Me searching for horses
Me searching for horses with binoculars

I have seen them in the adoption holding pens, as well as some privately own long term holding corrals. It breaks my heart but knowing that the range isn’t overpopulated, the horses are getting what they need to survive and still live in herd environment while people have an opportunity to give them a home and a job. Ranchers and cattlemen have fair stake at using some grazing land to support their families, and maybe, continue the tradition of the American West for future generations.

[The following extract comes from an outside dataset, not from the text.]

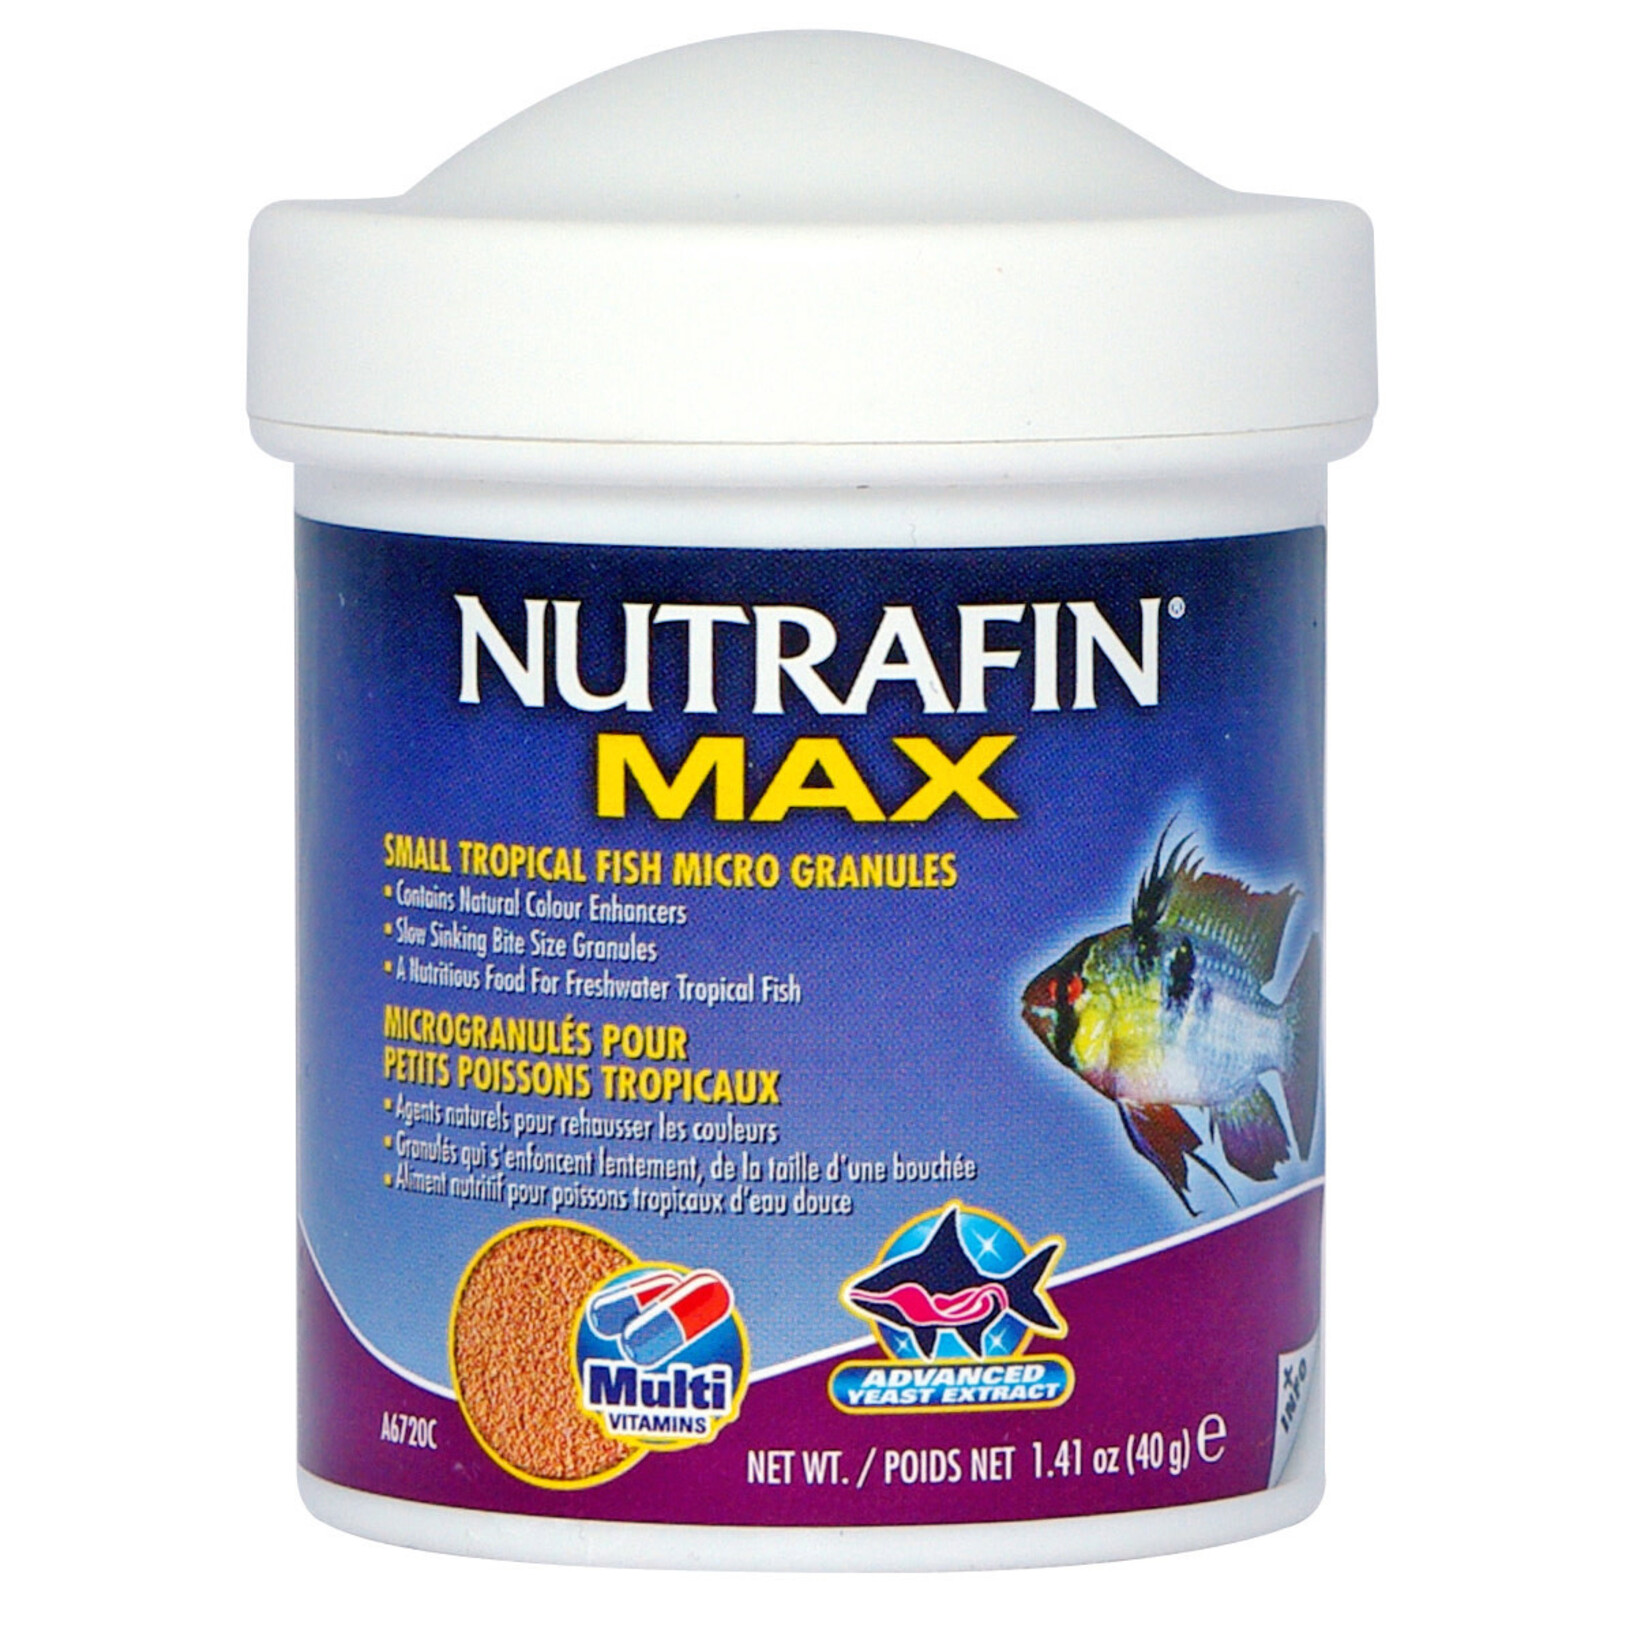 NUTRAFIN NUTRAFIN MAX MICROGRANULES POISSONS TROPICAUX 40 G

How I caught the mustang bug

A few months later, I moved to Portland for 9 months before a very long trip aboard. While there, I watched a film called Unbranded, a documentary about 4 men traveling border to border on mustangs. I loved it! And I may have forced everyone I had any influence on to watch it. It did not matter if they were horse-lovers or not. That movie sold it, I had always wanted to do a cross country ride, not with mustangs at first, but now I wanted to try them. I researched like crazy and even volunteered at a stable that had a couple Kiger mustangs, and one gorgeous buckskin stallion. It was in November that I boarded a plane with some friends and my brother, headed for Thailand. A flurry of activities, and almost a month later we were our way on to Cambodia, then 3 weeks more before we bused into Vietnam and traveled up the country. It was in Vietnam that my brother and I decided to have a road trip through New Zealand, and I applied for a working holiday visa allowing me to stay in the country for a year. I planned to spend that time work exchanging on horse farms through a program called WWOOF, Worldwide Works On Organic Farms.

Kaimanawa Ponies
Me (left) riding Ruby

It’s a great program and I made some pretty amazing friends from all over the world. At my second farm stay, I had my first encounter with a Kaimanawa named Ruby, over the next year I would travel back once a month or so to ride and work, during that time she stole my heart with her sassy, surefooted attitude, and a mostly cool head. It was also here that I met a friend who recommended a backpacker/horse trekking farm, far to the north. She had me sold at “wild horses on the beach”. The man who runs the backpackers has 50 plus feral horses running wild along the beach and hills. It is a magical place, made better by the fact that he taught me how to train his horses, which were pretty amazing on their own. I came away with some knowledge and a thirst to train a mustang 100% by myself (and Google, never underestimate Google).

So now that you have a basic working knowledge of the mustang history and how I began this journey, we can move on to more entertaining things, like my painfully slow, stumbling, and sometimes frustrating work with Remi.